- [Data section]
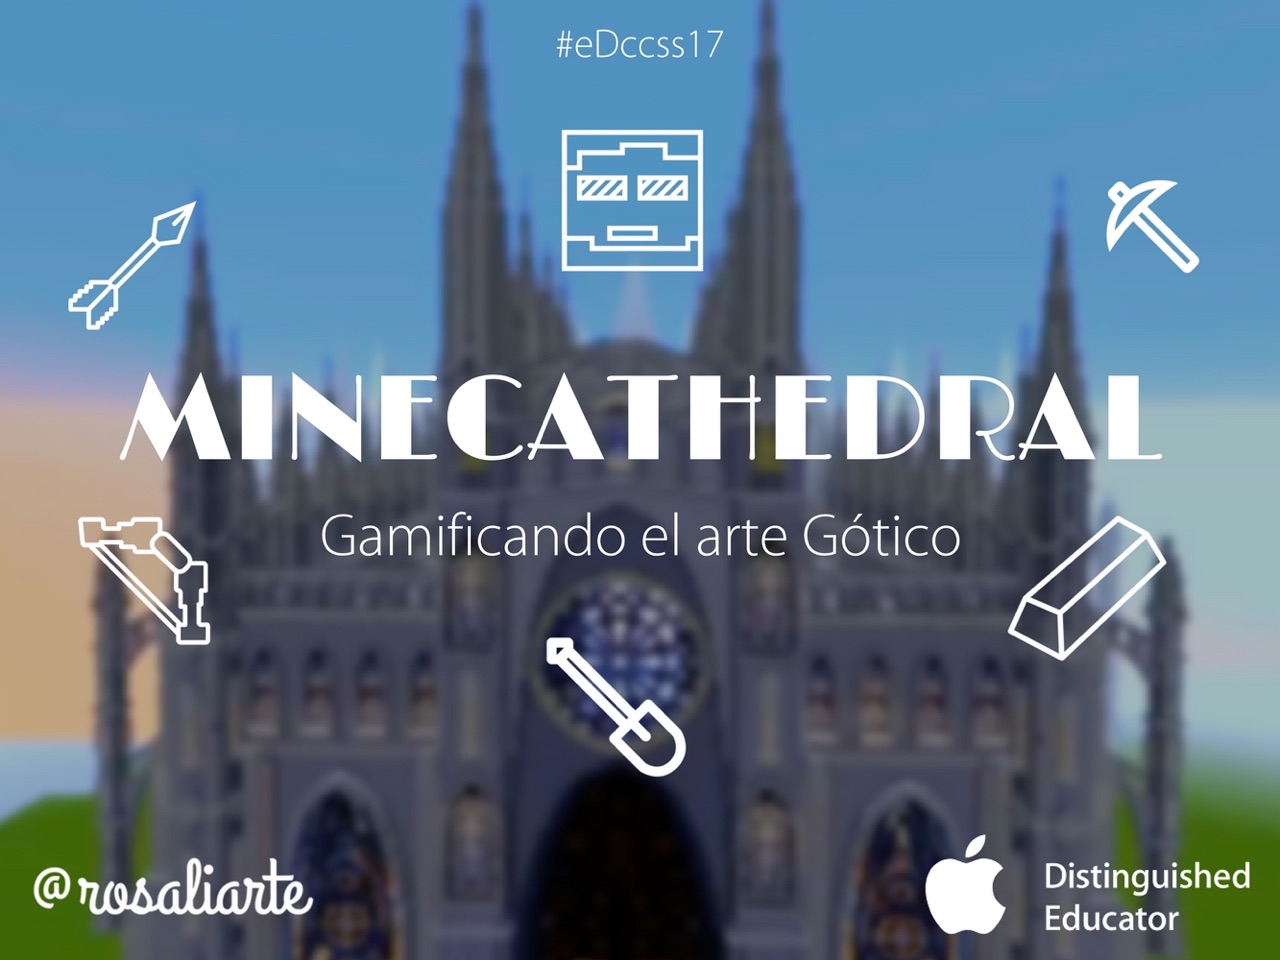 #MineCathedral, gamificando el arte gótico con Minecraft
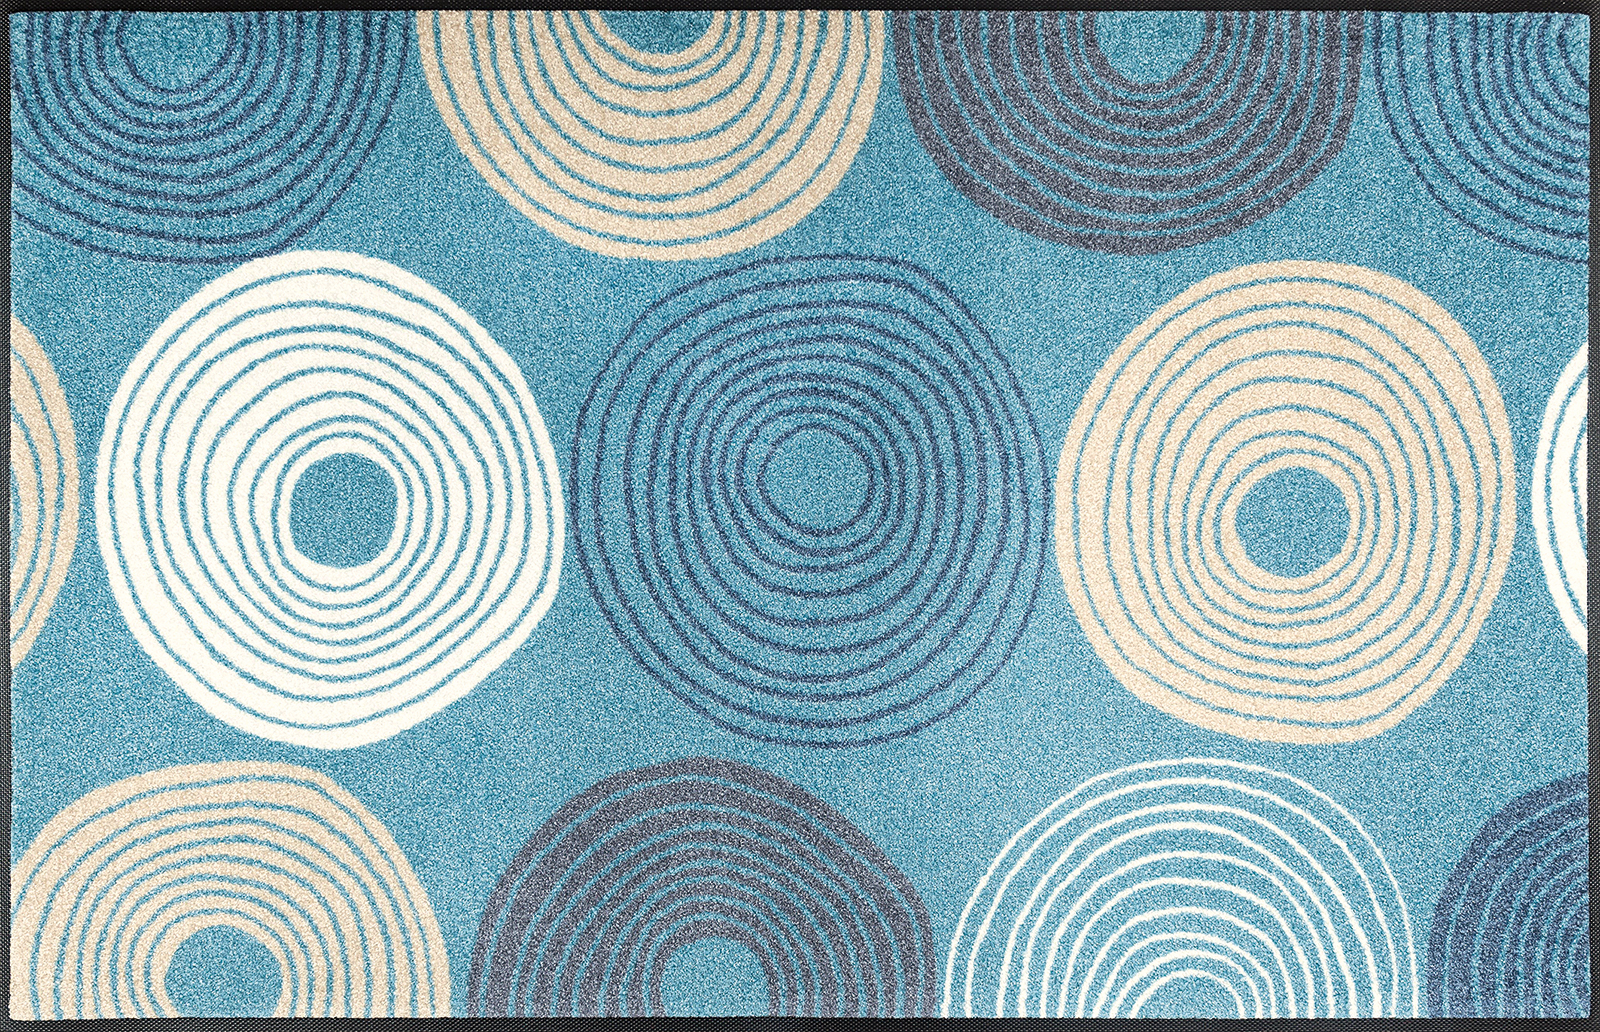 Fußmatte Cyclone, Wash & Dry Designmatte, blaugrundig, 75 x 120 cm, Draufsicht
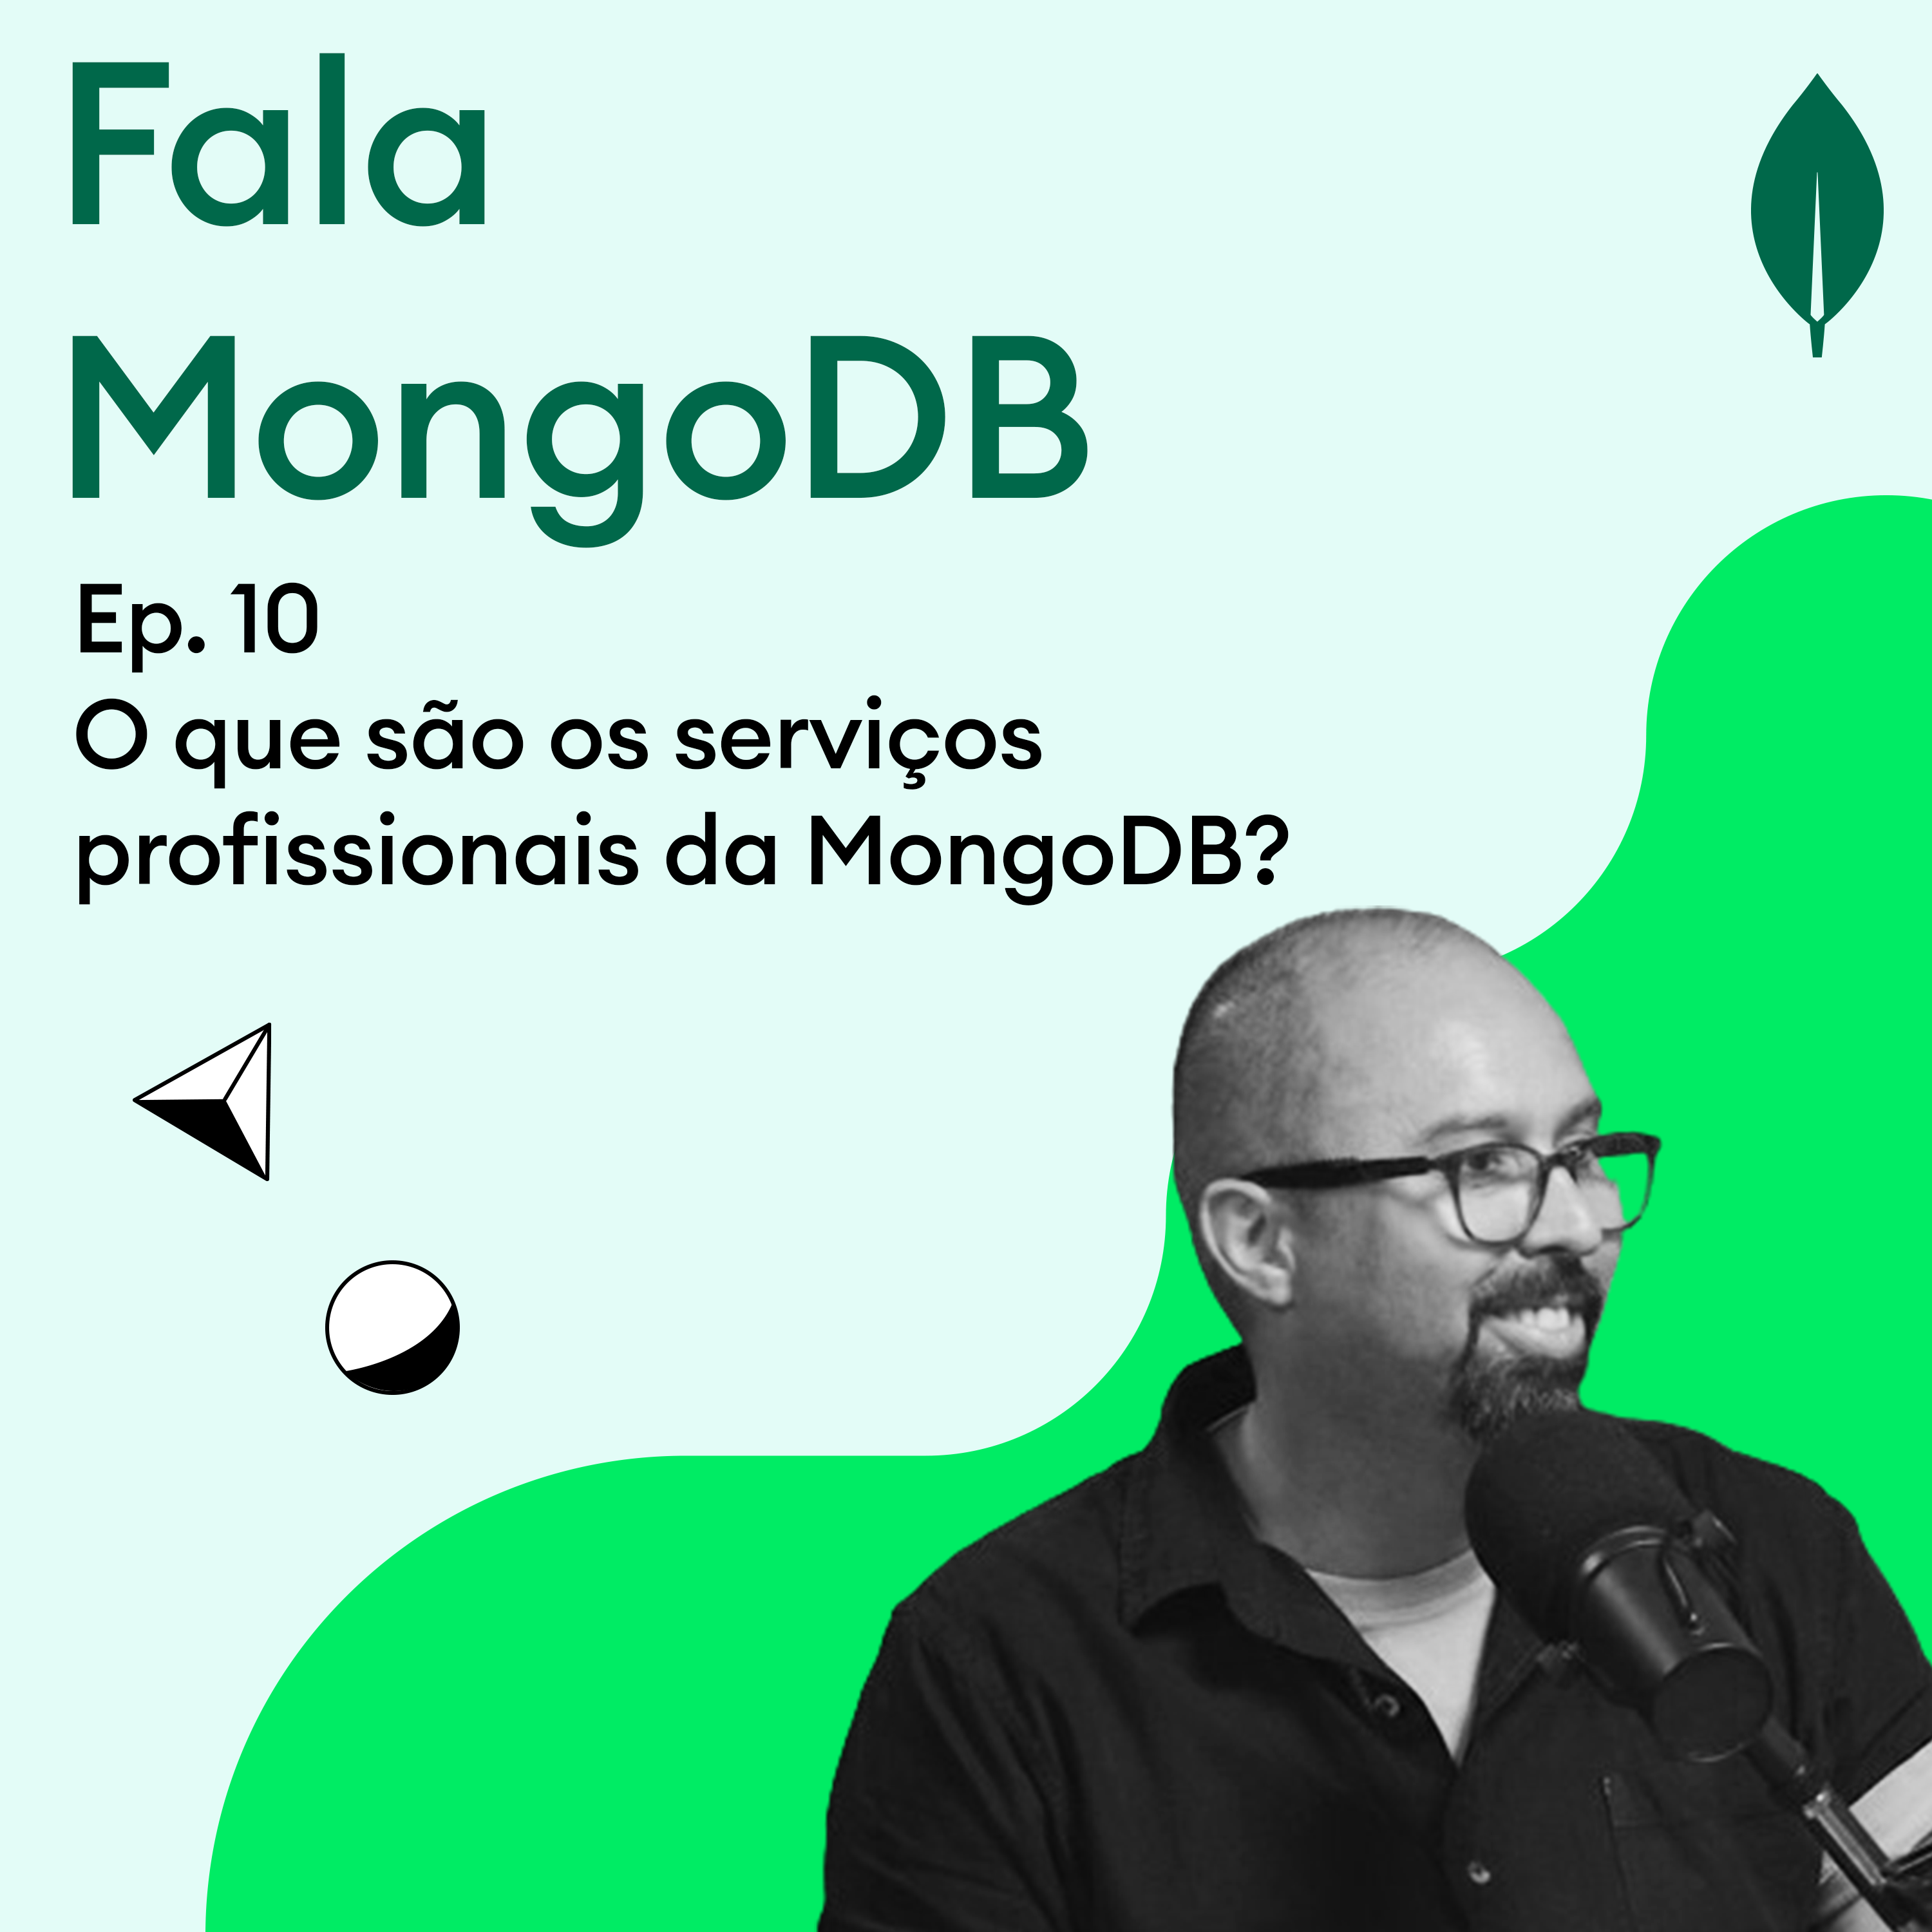 Fala MongoDB Ep. 10 O que são os serviços profissionais da MongoDB?

- [Task statement] The preceding listing is to be restated word for word, with every picture omitted.

- [Answer space]
 #MineCathedral, gamificando el arte gótico con Minecraft
 Fußmatte Cyclone, Wash & Dry Designmatte, blaugrundig, 75 x 120 cm, Draufsicht
 Fala MongoDB Ep. 10 O que são os serviços profissionais da MongoDB?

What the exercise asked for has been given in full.